Generate a complete dataset with one command:

python -m bpdecoderplus.cli \
  --distance 3 \
  --p 0.01 \
  --rounds 3 \
  --task z \
  --generate-dem \
  --generate-uai \
  --generate-syndromes 1000

This creates files in organized subdirectories:

datasets/
├── circuits/sc_d3_r3_p0010_z.stim    # Noisy quantum circuit
├── dems/sc_d3_r3_p0010_z.dem         # Detector error model
├── uais/sc_d3_r3_p0010_z.uai         # UAI format for inference
└── syndromes/sc_d3_r3_p0010_z.npz    # 1000 syndrome samples

Understanding the Pipeline

Data generation happens in four steps:

Generate Noisy Circuit - Creates a surface code circuit with realistic noise
Extract Detector Error Model (DEM) - Analyzes which errors trigger which detectors
Convert to Inference Formats - Exports DEM as .dem and .uai files
Sample Syndromes - Runs the circuit many times to generate training data

Step-by-Step Guide

Step 1: Generate Noisy Circuit

Create a quantum error correction circuit with realistic noise.

Parameters:

--distance - Size of the surface code (3, 5, 7, etc.)
--rounds - Number of error correction cycles
--p - Physical error rate (e.g., 0.01 = 1% error per operation)
--task - Type of logical operation ("z" for memory experiment)

Example:

python -m bpdecoderplus.cli --distance 3 --p 0.01 --rounds 3 --task z

Output: datasets/circuits/sc_d3_r3_p0010_z.stim

The .stim file contains the complete quantum circuit with:

Qubit initialization
Syndrome measurement operations
Noise on every gate
Logical observable measurement

Step 2: Extract Detector Error Model (DEM)

The DEM tells us which errors trigger which syndrome detectors.
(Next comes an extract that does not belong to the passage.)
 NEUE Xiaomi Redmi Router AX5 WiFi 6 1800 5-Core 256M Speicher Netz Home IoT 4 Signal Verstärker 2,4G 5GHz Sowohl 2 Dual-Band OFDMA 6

Why we need it: The circuit describes quantum operations, but the decoder needs to know:

What errors can occur? Decoder use it to decides what types of error it can output.
Which detectors fire when each error happens? This eventually transformed into a decoder graph/tanner graph/Factor graph.
Does the error flip the logical qubit? This used as a benchmark for logical error rate.

Generate DEM:

python -m bpdecoderplus.cli --distance 3 --p 0.01 --rounds 3 --task z --generate-dem

Output: datasets/dems/sc_d3_r3_p0010_z.dem

The .dem file contains entries like:

error(0.01) D0 D5 L0

This means: "There's a 1% chance of an error that triggers detectors 0 and 5, and flips the logical observable"

Using in Python:

from bpdecoderplus.dem import extract_dem, build_parity_check_matrix
import stim

# Load circuit and extract DEM
circuit = stim.Circuit.from_file('datasets/circuits/sc_d3_r3_p0010_z.stim')
dem = extract_dem(circuit)

# Build parity check matrix for BP decoding
H, priors, obs_flip = build_parity_check_matrix(dem)
print(f"H matrix shape: {H.shape}")  # (24, 286) for d=3, r=3

The parity check matrix H is the mathematical representation needed for BP decoding:

H[i,j] = 1 if error j triggers detector i
priors[j] = probability of error j occurring
obs_flip[j] = 1 if error j flips the logical observable

Step 3: Generate UAI Format (Optional)

The UAI format enables probabilistic inference with tools like TensorInference.jl.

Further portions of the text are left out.